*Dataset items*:
* * * * * * * * *

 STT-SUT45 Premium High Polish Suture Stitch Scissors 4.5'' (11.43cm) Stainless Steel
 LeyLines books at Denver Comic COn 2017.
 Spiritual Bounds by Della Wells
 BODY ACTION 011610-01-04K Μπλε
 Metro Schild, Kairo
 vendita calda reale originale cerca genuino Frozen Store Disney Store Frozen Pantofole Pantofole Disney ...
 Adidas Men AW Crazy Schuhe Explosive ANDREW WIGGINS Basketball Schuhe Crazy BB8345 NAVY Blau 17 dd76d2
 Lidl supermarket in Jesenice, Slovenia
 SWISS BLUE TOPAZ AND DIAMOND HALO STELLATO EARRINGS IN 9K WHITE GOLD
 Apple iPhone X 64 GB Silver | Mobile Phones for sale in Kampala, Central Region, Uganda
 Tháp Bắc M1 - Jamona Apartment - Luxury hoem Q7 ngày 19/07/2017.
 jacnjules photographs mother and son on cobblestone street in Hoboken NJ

* * * * * * * * *

*TASK GOAL*: Exactly as they appear, write out the lines from the one containing "Tháp Bắc M1" through the final line of the entries above, both included.

*RESPONSE AREA*:
 Tháp Bắc M1 - Jamona Apartment - Luxury hoem Q7 ngày 19/07/2017.
 jacnjules photographs mother and son on cobblestone street in Hoboken NJ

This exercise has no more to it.